The perfect saison is in the eye of the beholder. The BJCP offers some guidance with respect to the dry finish and bright carbonation, but examples can vary widely in color and alcoholic strength. For me, the key is the marriage of Belgian yeast character and a crisp, dry finish. The esters and spicy phenols contrast nicely against the clean malt backdrop. It’s a tidy little explosion of flavor, and the quick fadeaway after the swallow resets your palate for the next sip. I also tend to favor the bigger end of ABV spectrum because the alcohol accentuates the peppery phenols.
Most saison recipes include candy sugar or corn sugar to create the quick, dry finish. Since honey ferments just as efficiently, it’s not much of a stretch to consider a saison braggot. Of course, if you’re going to use honey, its character should stand out in the finished beer.

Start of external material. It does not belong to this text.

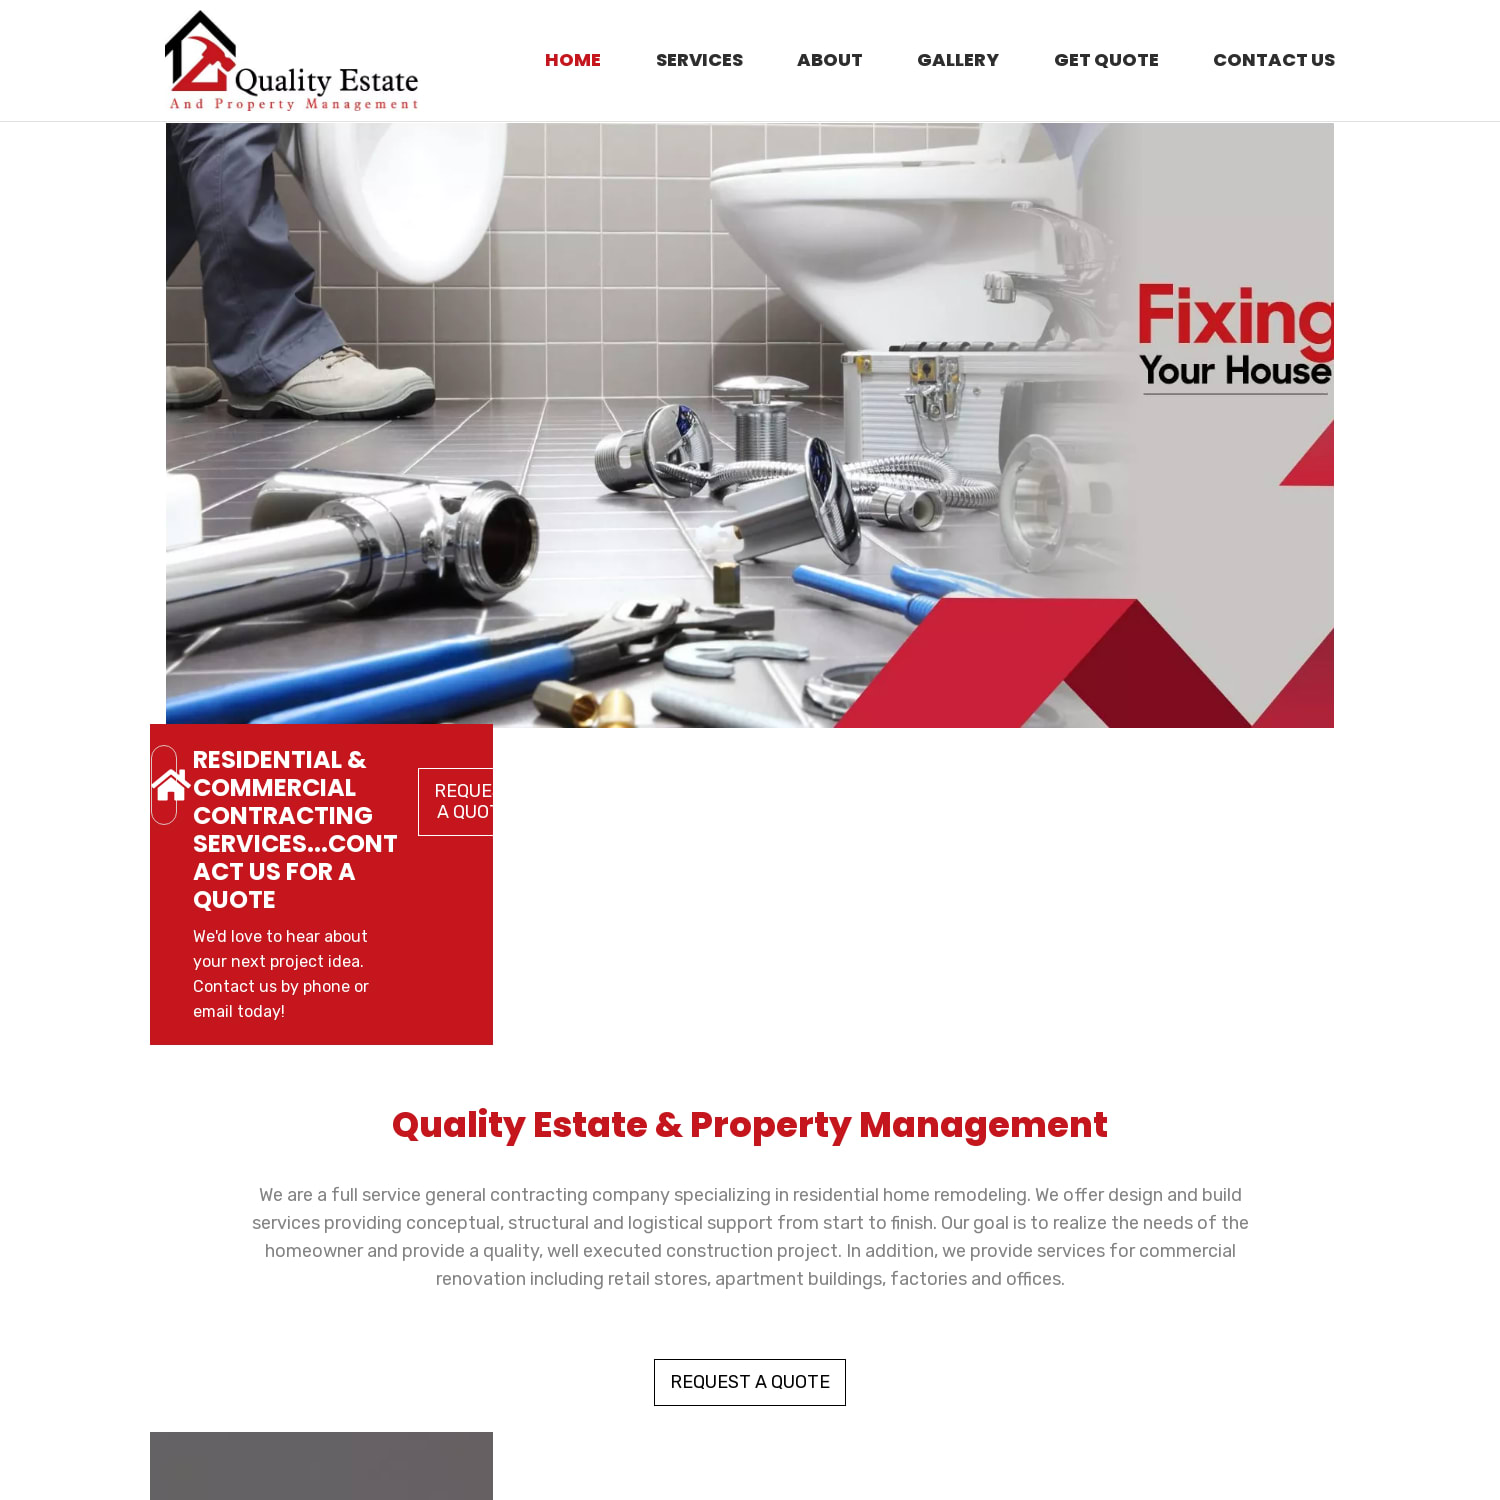 Property Management Services - Quality Estate & Property Management

Fortunately, floral, herbal, and spicy contributions from the honey will complement the Belgian yeast profile nicely.
Choosing the Honey
But which honey is the right one? Let’s start by trimming down the list of possibilities. I would avoid the stronger, funkier varietals. For instance, buckwheat, avocado, mesquite, or eucalyptus honey would likely be too dominant. At the other end of the scale, the most delicate honeys might be wasted, which would eliminate clover, fireweed, or cotton.
That still leaves numerous good alternatives. Orange-blossom honey is pretty strong, but the floral character would fit. Pumpkin/squash honey has a pleasant spiciness that would click with the saison’s phenols, as would star thistle. Another great choice would be wildflower honey, which is readily available. This isn’t really a varietal, but it often has a balance of floral and herbal/spicy flavors.
I already have a good saison recipe that I got from my friend Dave Davies. Like most standard saisons, it features Pilsner malt and some wheat, but he also includes Munich malt, which I think increases the mouthfeel just a little. To make the shift to braggot, I cut out the corn sugar, dropped the Pilsner malt a bit, and added the honey to hit my target gravity.
“Saison of the Braggot” Honey Saison
Batch size: 5 gallons (19 liters)
Brewhouse efficiency: 77%
6.5 lb (2.9 kg) Pilsner malt
1.5 lb (680 g) Munich malt
1 lb (454 g) Belgian wheat malt
1 oz (28 g) Vanguard [4.4% AA] at 90 minutes
0.5 oz (14 g) Hallertau [3.1% AA] at 90 minutes
0.5 oz (14 g) Hallertau [3.1% AA] at 15 minutes
0.5 oz (14 g) Goldings [3.9% AA] at 5 minutes
3 lb (1.4 kg) wildflower honey at flameout
White Labs WLP590 French Saison or Wyeast 3711 French Saison. I prefer the French Saison for its peppery phenols and solid ferment. I highly recommend a yeast starter.
Single step infusion mash at 152°F (67°C) for 60 minutes.
Boil for 90 minutes, following the hops schedule. Add the honey at flameout, just before chilling.
Chill the wort to the ambient temperature and pitch the yeast. Make sure you oxygenate the chilled wort, either by splashing it around or using an air stone and oxygen tank.
Dave’s recipe calls for a very warm fermentation temperature of 80–85°F (27–29°C), which seemed extreme to me at first. It turned out great, though, so I’ve gotten more comfortable with it. A temperature-controlled fermentation chamber avoids any nighttime cooling that might hamper the yeast.
Primary fermentation is quick, usually 2–4 days, then I transfer to secondary for 7 days at 68°F (20°C). After that, it should be ready to keg or bottle condition. Adjust the CO2 or bottling sugar to ensure that the end beer is relatively highly carbonated.